Don’t worry too much about Meltdown and Spectre — plus a few words about how we safeguard your website data

If your website is hosted with us, you should have little to fear from the epic Meltdown and Spectre bugs that surfaced recently.

In case you haven’t heard, these two exploits are among the scariest ever, in part because they affect essentially every computer or device made since 1995. That’s the bad news.

The good news is that these bugs are extremely difficult or impossible to exploit remotely. They mainly affect “the cloud” and other shared hosting environments, where multiple, mutually distrustful users share a single processor. Here, a bad actor could sniff passwords and other sensitive information on an unpatched system.

Sadly, that is by far the most common way that websites are hosted today — on shared hosting environments. However, it is NOT how we do it.

We run our own, exclusive physical hardware server located in a highly secured data center connected to multiple Tier 1 backbones and backed up by a sophisticated emergency backup system. No one but us has access to this system, other than through typical browser-based, well sand-boxed admin panels. Meltdown and Spectre appear to be almost impossible to exploit remotely, and that is good news for us, and our clients, too.
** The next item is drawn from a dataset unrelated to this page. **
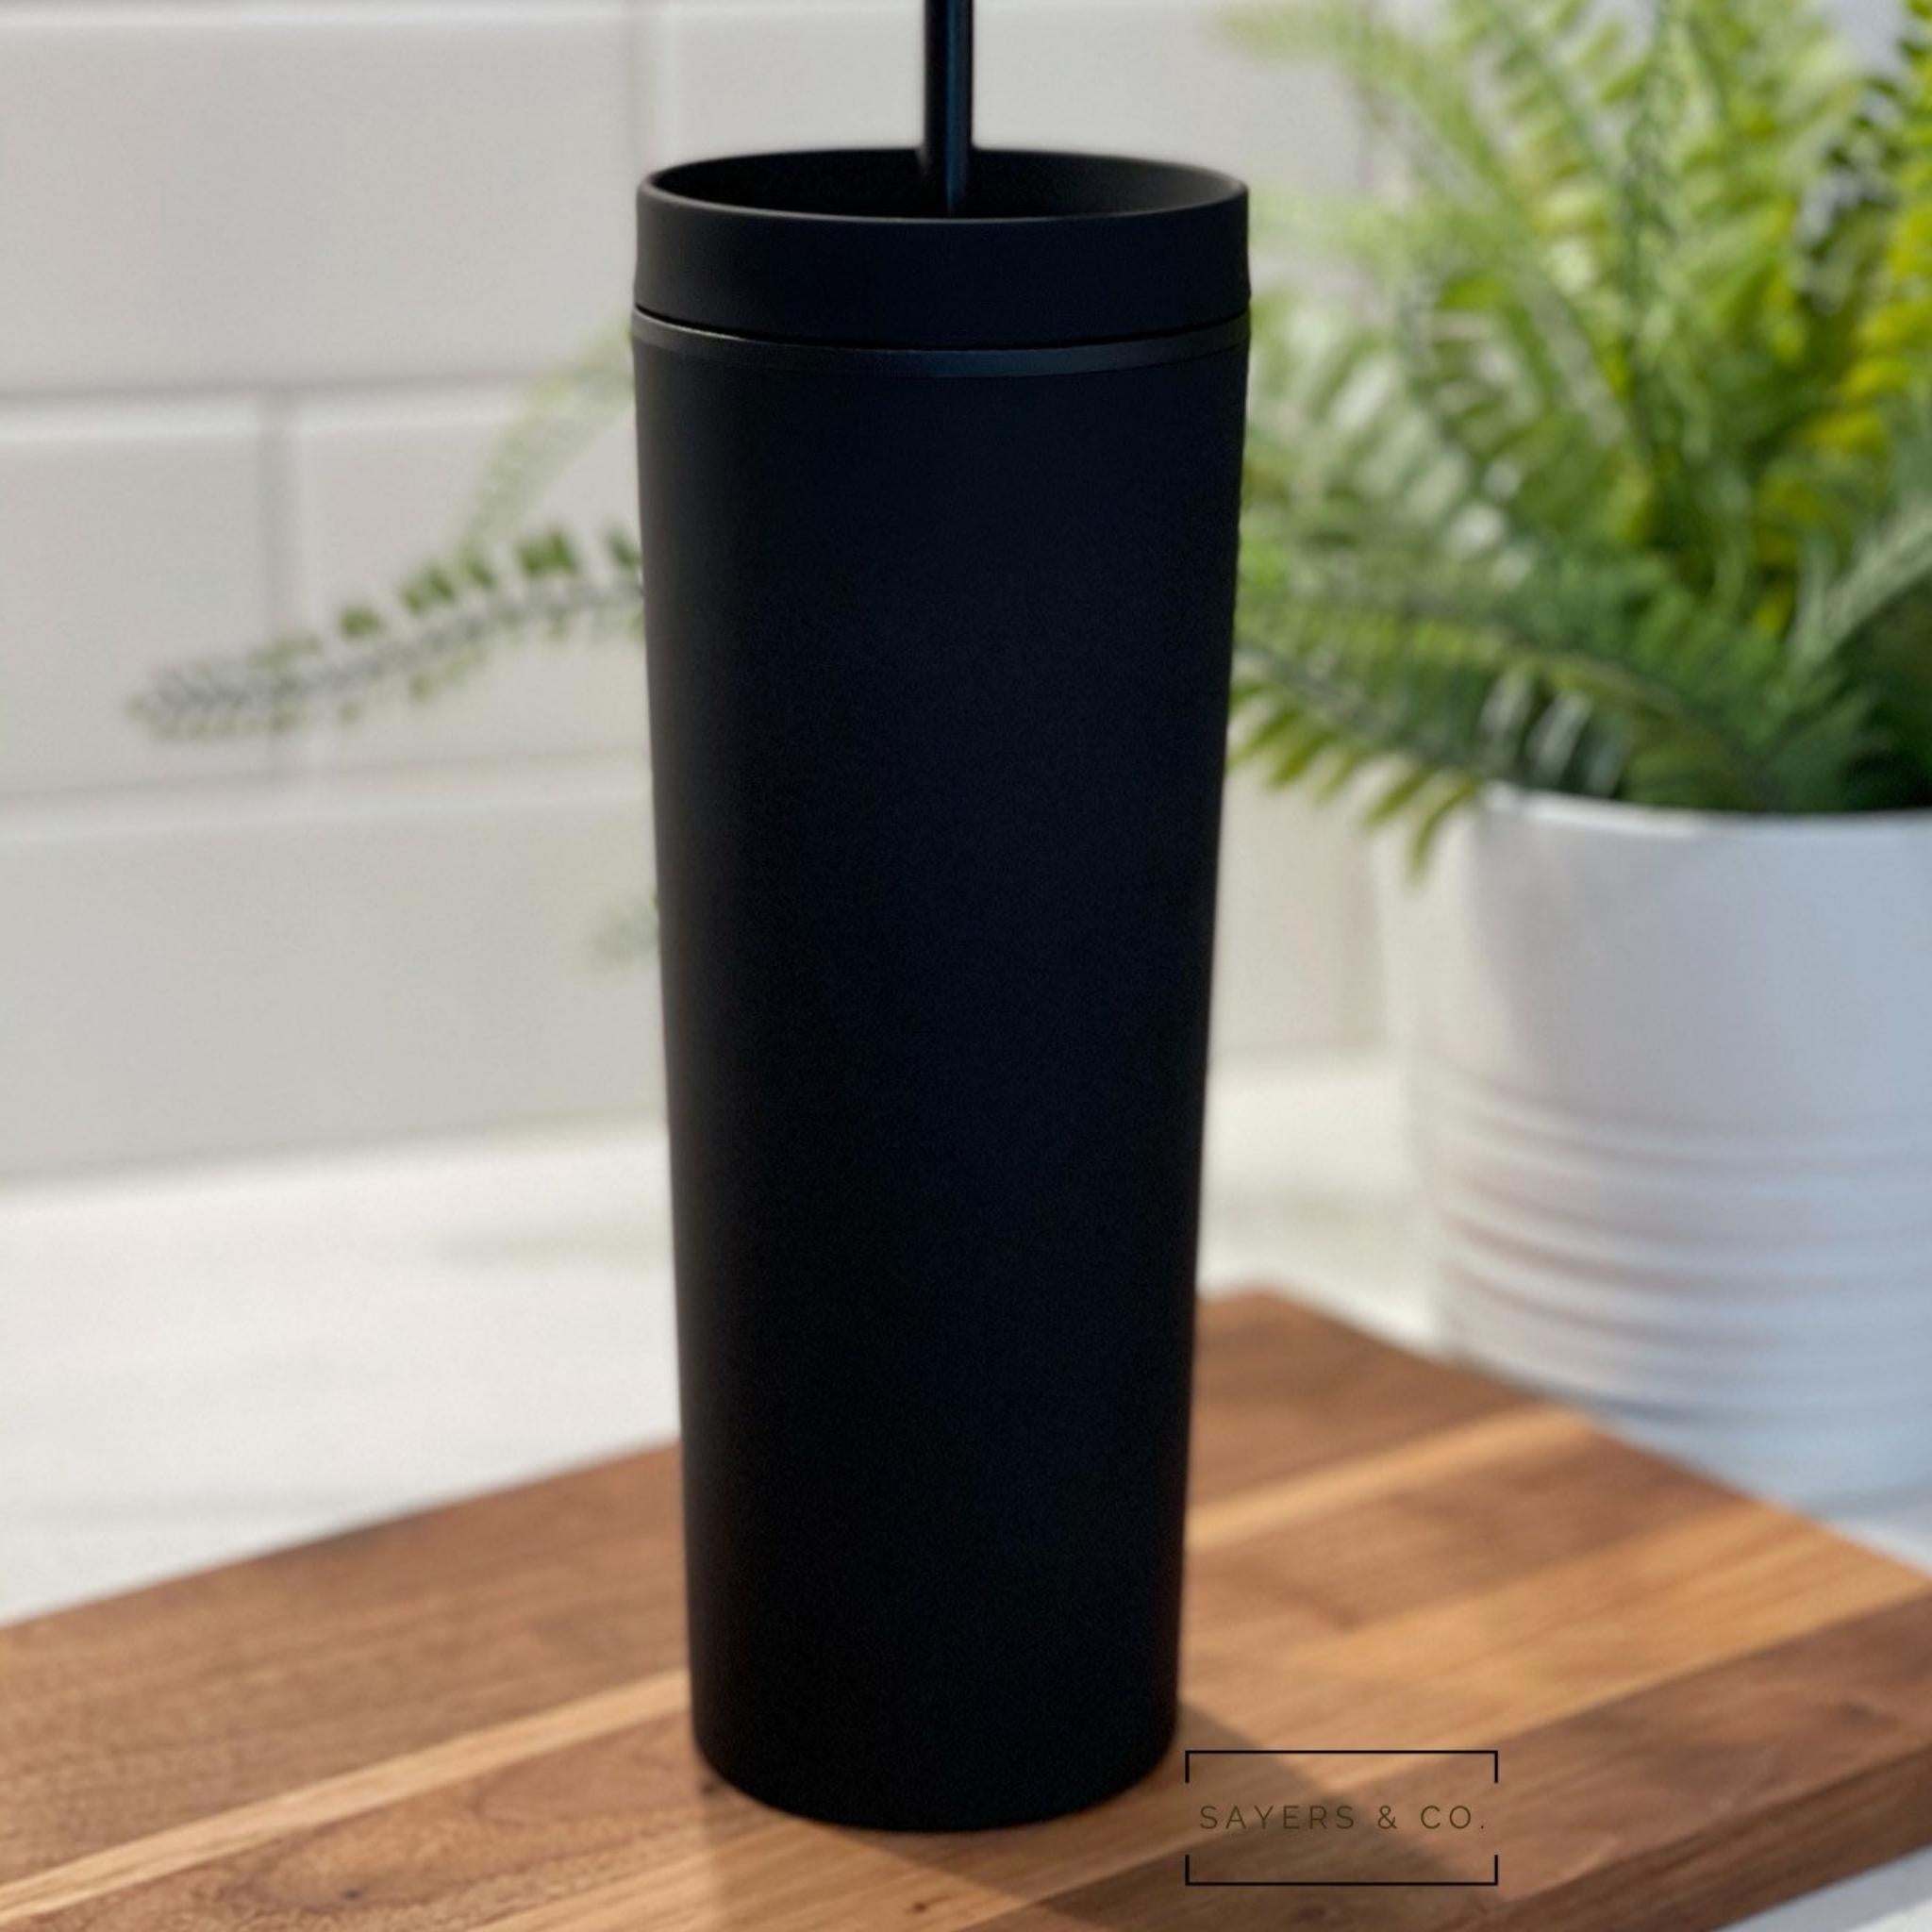 19oz. Black Stainless Steel Tumbler with Straw by Celebrate It™

Disclaimer number one: a few of our older sites that require outdated operating system software do run on virtual servers. There are only a handful of such sites that we still maintain, however, and given the age of the software, there are probably easier ways to attack them, should anyone wish to.

Disclaimer number two: We also keep a backup server in a virtual hosting environment. This is so that, should our main server fail, we can quickly point our clients’ domain names at the backup while we rebuild the main server. This system is intended to ensure that no client ever experiences downtimes of more than 4 hours (our typical nameserver time-to-live). The threat of a Meltdown- or Spectre-style attack on this virtual backup server is quite low, however, because it uses the system processor only rarely, during routine, scheduled synchronizations with the main server that typically do not involve passwords or other sensitive data.

Dedicated hardware is expensive, but inherently faster and more secure than any other approach. Might as well have the best.

Incidentally, offsite backups are only part of our “belt, suspenders, and parachute” commitment to securing your data. Our dedicated server has two drives. For best performance, one drive handles the live databases and backs up the webserver filesystem. The other serves up the filesystem and backs up the database. The last time we lost a drive, we were on vacation at our in-laws ranch. It was the day after Thanksgiving. We stayed up all night with a borrowed laptop and cellphone, but by morning, all of our sites were fully restored and operational, and not a single client noticed the interruption.

We have never had to use our off-site backups. But, in the event California falls into the ocean, there they are.